- Born: 27 December 1900 Goryunkovo, Mignovichskoy volost, Krasninsky Uyezd, Smolensk Governorate, Russian Empire
- Died: 1 November 1960 (aged 59) Moscow, Soviet Union
- Allegiance: Russian SFSR; Soviet Union;
- Branch: Red Guards; Red Army (later Soviet Army);
- Service years: 1917–1918; 1918–1951;
- Rank: Major general
- Commands: 117th Rifle Division; 102nd Rifle Division; 47th Rifle Division; 8th Guards Rifle Division;
- Conflicts: Russian Civil War; World War II;
- Awards: Order of Lenin; Order of the Red Banner (2); Order of the Patriotic War, 1st class; Order of the Red Star;

= Spiridon Chernyugov =

Soviet Army major general (1900–1960)

Spiridon Sergeyevich Chernyugov (Спиридон Сергеевич Чернюгов; 27 December 1900 – 1 November 1960) was a Soviet Army major general.

Chernyugov joined the Red Guards in late 1917 and transferred to the Red Army in early 1918, serving as an orderly and later as a Red Army man during the Russian Civil War. He became a junior commander after the end of the war upon graduation from command courses, serving in staff positions during the late 1930s. He became commander of the 117th Rifle Division as the Red Army expanded before Operation Barbarossa, leading it and later the 102nd Rifle Division during the Battle of Smolensk. Wounded, upon recovery, Chernyugov became commander of a rifle brigade that he continued to command when it became the 47th Rifle Division. He led the 8th Guards Rifle Division from late 1942 until a severe wounding during the Leningrad–Novgorod Offensive in early 1944. After months of treatment, Chernyugov was given command of infantry courses for the rest of the war. Postwar, he briefly commanded a rifle brigade and held DOSARM positions before retiring in 1951.

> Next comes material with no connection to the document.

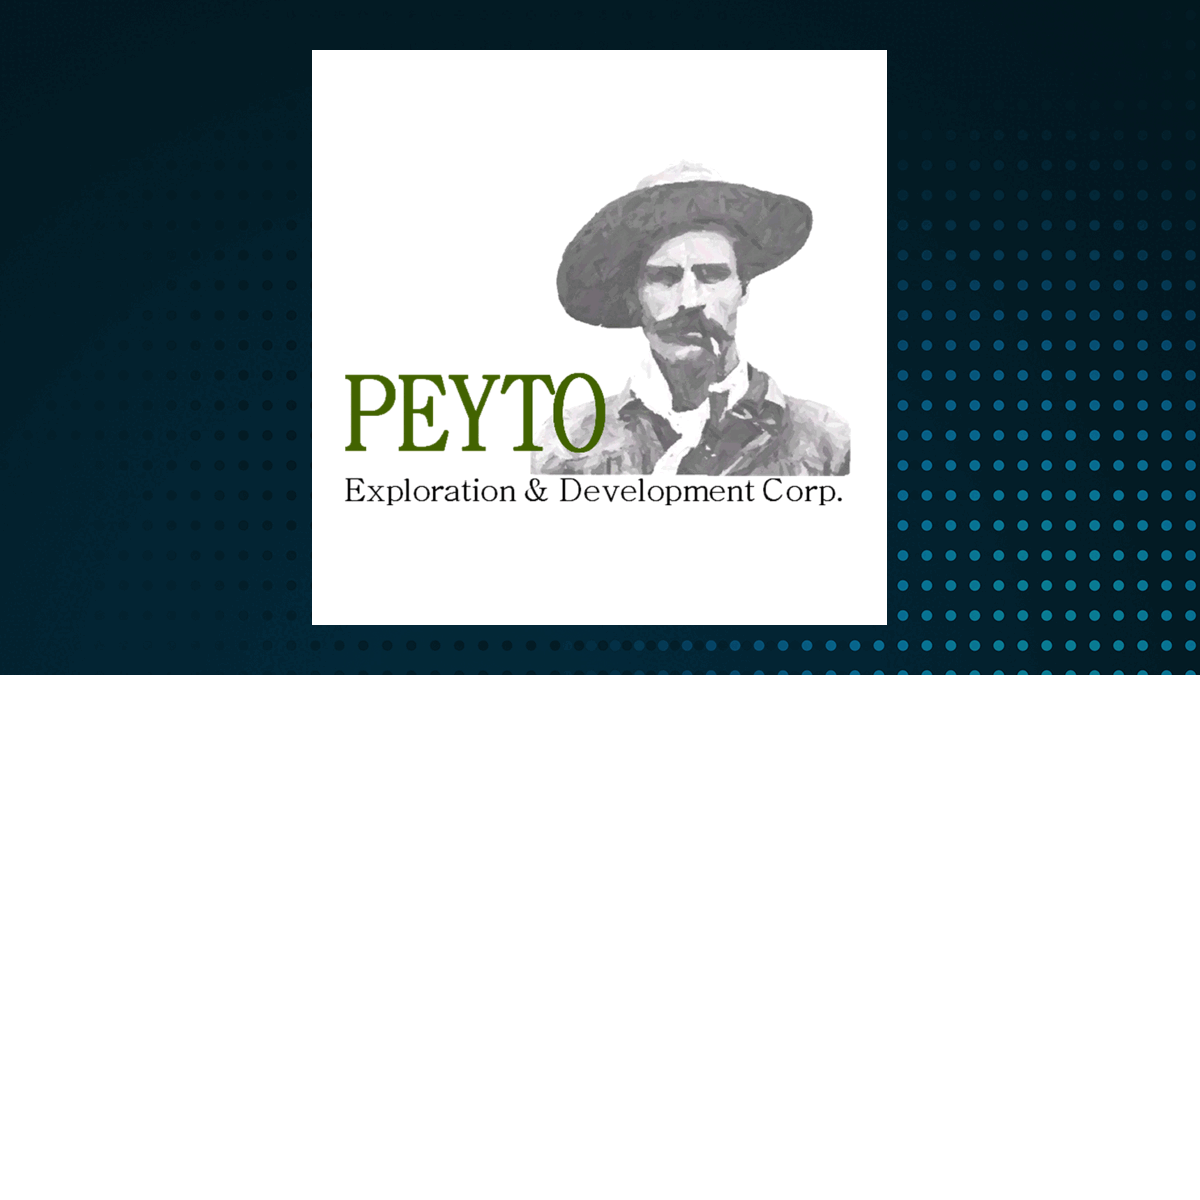 Peyto Exploration & Development logo with Energy background

== Early life and Russian Civil War ==
Chernyugov was born on 27 December 1901 in the village of Goryunkovo, Mignovichskoy volost, Krasninsky Uyezd, Smolensk Governorate. During the Russian Civil War, in October 1917, he joined the Red Guards and was sent to the 291st Reserve Field Hospital, where he worked as a messenger and orderly. In May 1918, Chernyugov voluntarily transferred to the Red Army, being assigned to the 26th Rifle Division as a combatant orderly. He served as a Red Army man in the 232nd Rifle Regiment of the division from late 1919, fighting on the Eastern Front near Zlatoust and Kurgan against the White army led by Alexander Kolchak. Chernyugov fell seriously ill with typhus, and was evacuated to a hospital in Nizhny Novgorod, going on sick leave between February and July 1920. After his recovery, Chernyugov was assigned to the 16th Rifle Regiment in Dorogobuzh, and in August 1920 sent to study at the 18th Infantry Command Courses in Kaluga, participating in the suppression of the Tambov Rebellion as part of a student detachment between March and November 1921.

== Interwar period ==
After graduating from the courses in April 1922, Chernyugov was seconded as a platoon commander at the disposal of the assistant commander-in-chief for Siberia, becoming a student at the 1st School of the Forces of Special Purpose (ChON) in Omsk. Upon graduation in December 1923, he served as a platoon commander and acting company commander in the 523rd Ossetia and 522nd Vladikavkaz Special Purpose Battalions. After the disbandment of the ChON, Chernyugov was transferred to become a platoon commander in the regimental school of the 28th Rifle Division at Grozny. He simultaneously studied at the commanders' refresher courses at the Vladikavkaz Infantry School between August 1925 and graduation in September 1927. During this period, Chernyugov participated in the disarmament of anti-Soviet guerrillas in Chechnya between August and September 1925 and in the Khasavyurtovsky District of Dagestan between September and October 1926.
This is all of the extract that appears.